А потом Робби сорвался с места и побежал от Гермионы обратно в холл, петляя по воде, размахивая руками и надрывно заливаясь обезьяньим визгливым хохотом.
Застывшая колдунья почувствовала ужас.
– Осторожно: белый саван для тебя уже готов, стол накрыт, отглажен траур и стоит лиловый гроб. Побежали через вечность, соревнуясь за покой? Там, в тумане, бесконечность: только память, только боль…
Хохот Робби и плеск воды не заглушили странного пения, зато свет вдали моргнул и стал чуть слабее. У Гермионы бешено колотилось сердце, а в глазах стояли слёзы беспомощности, обиды и страха.
– Что ты стала, моя детка? Не горят уже глаза? Зацвела сирени ветка, виноградная лоза.
Превозмогая растерянность и панику, Гермиона быстро пошла на звуки этого голоса, хлюпая по воде и сильно сжимая шершавую палочку. Позади всё молчало.
Или стоило догнать Робби? Это ведь точно не он. Поймать и заставить говорить. Что происходит, где…
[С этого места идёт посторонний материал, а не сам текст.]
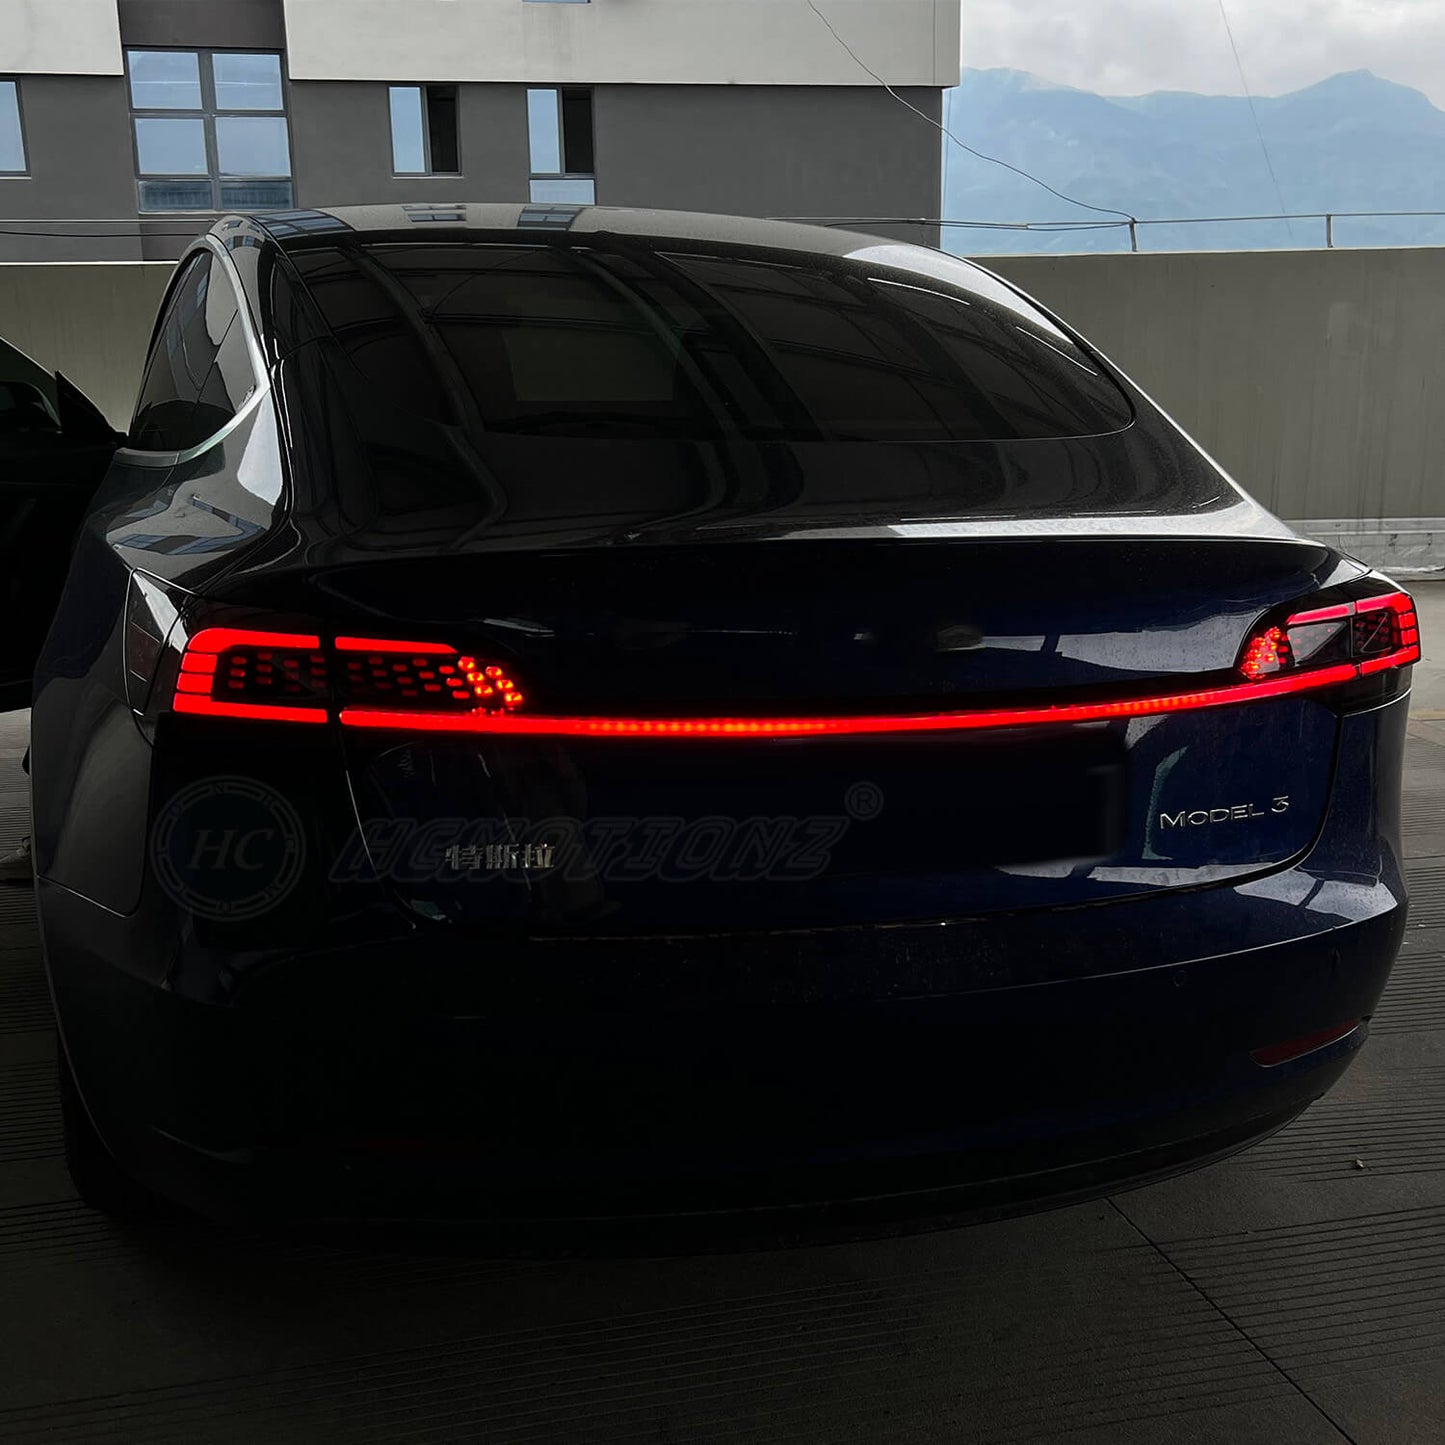 HCMOTION LED Tail Lights For Tesla Model 3 Model Y

– И, ступая через трупы, забывая обо всём, погоди ещё минуту – скоро вместе мы споём.
Стало светлее – впереди показался огромный зал бывшего ресторана. Вода, стоявшая здесь по щиколотки, была красноватой от крови – в ней плавали, лицами вниз, несколько разодранных чьими-то когтями трупов. Вдоль стен комнаты, на высоте в два человеческих роста, пылали свечи в массивных железных канделябрах. В воздухе пахло серой и болотом.
На небольшой сцене, где раньше по вечерам играл оркестр, в ярком пятне синеватого света стояла высокая золотая арфа. За ней, спиной к Гермионе, сидела и пела девушка. Сейчас было видно только белое, отдающее голубизной платье, неестественно бледную кожу открытых плеч и тонких рук, влажные светлые волосы, густые и длинные, ниспадающие прямо в воду на полу. Теперь Гермиона поняла, что жидкость льётся именно из основания арфы и по ступеням сцены каскадом стекает вниз.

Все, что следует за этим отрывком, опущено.